_Brief:_
Starting with the line that contains "Las mejores técnicas", copy each line exactly through the end of the listing, and omit all pictures.

[Opening Dataset excerpt section]

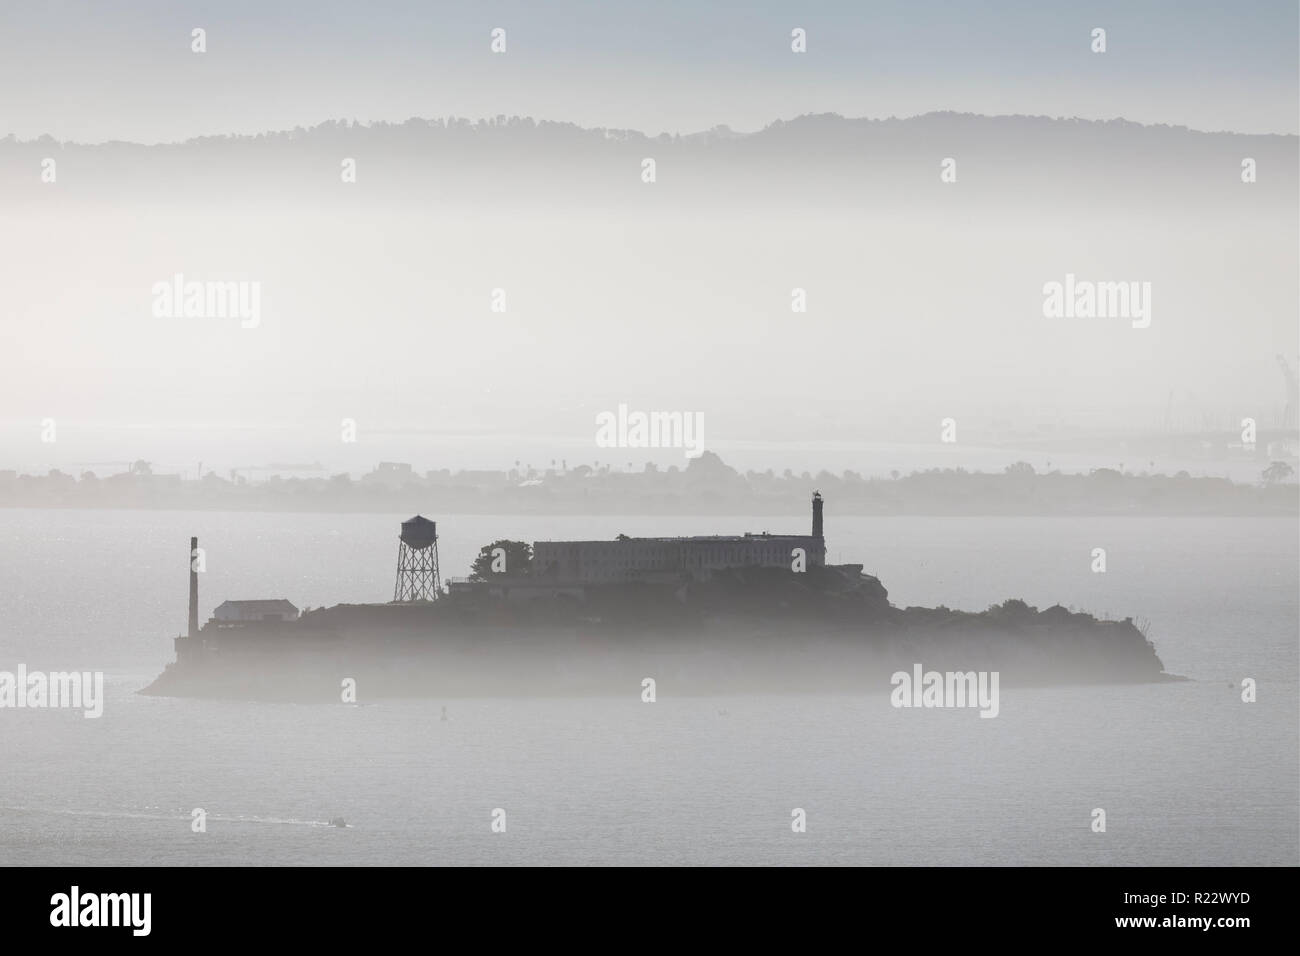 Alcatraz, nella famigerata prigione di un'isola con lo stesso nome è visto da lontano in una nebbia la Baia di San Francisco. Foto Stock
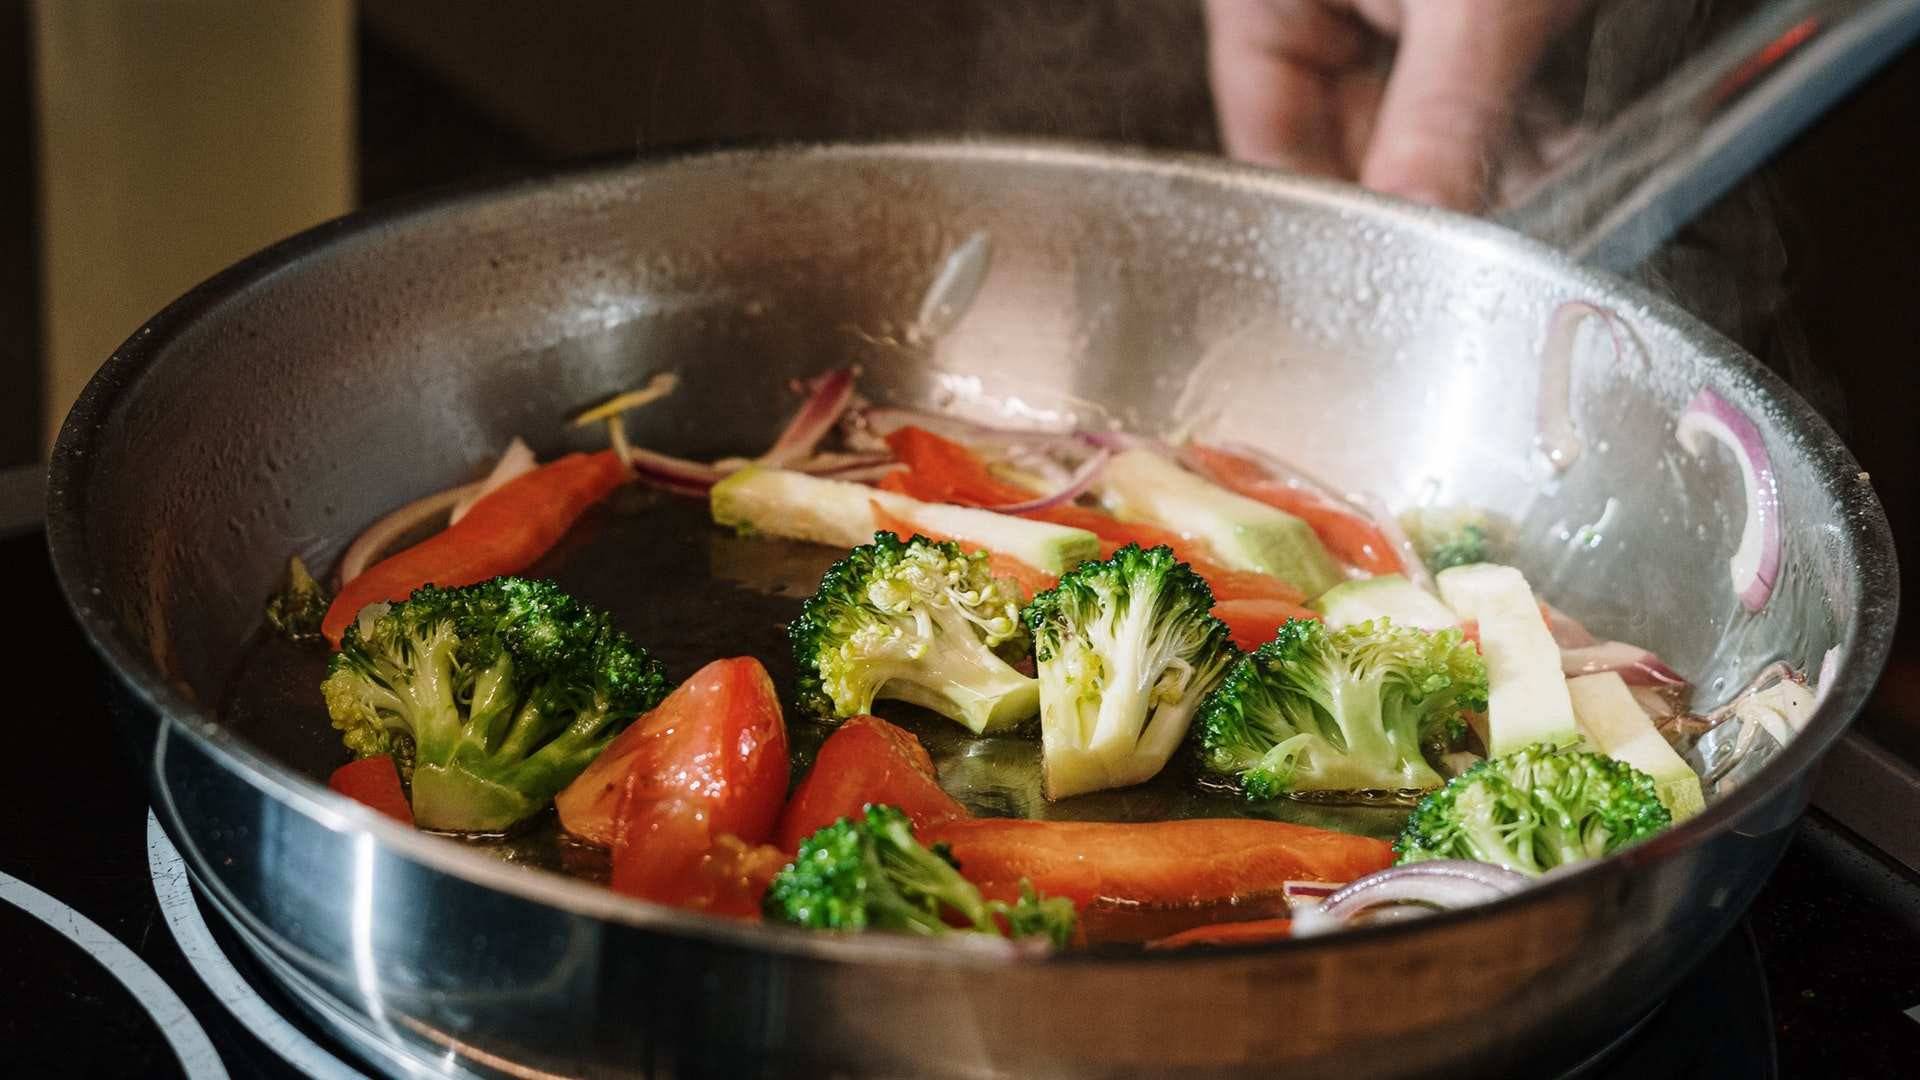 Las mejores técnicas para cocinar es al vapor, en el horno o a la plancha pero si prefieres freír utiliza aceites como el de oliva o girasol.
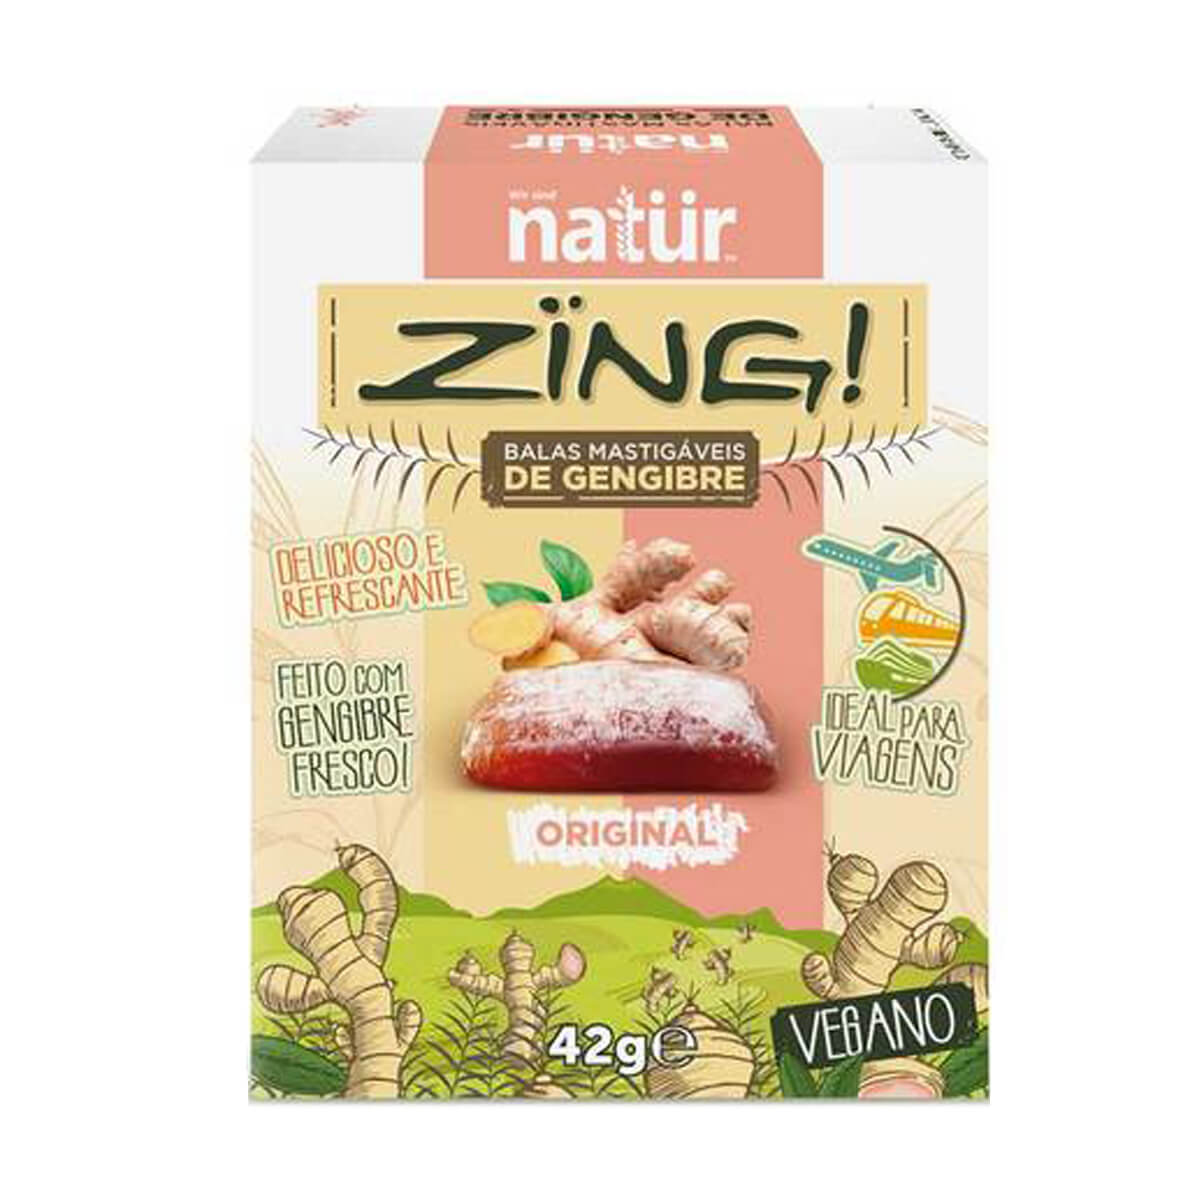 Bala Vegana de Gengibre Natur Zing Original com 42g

[Closing Dataset excerpt section]

_Exercise response:_
 Las mejores técnicas para cocinar es al vapor, en el horno o a la plancha pero si prefieres freír utiliza aceites como el de oliva o girasol.
 Bala Vegana de Gengibre Natur Zing Original com 42g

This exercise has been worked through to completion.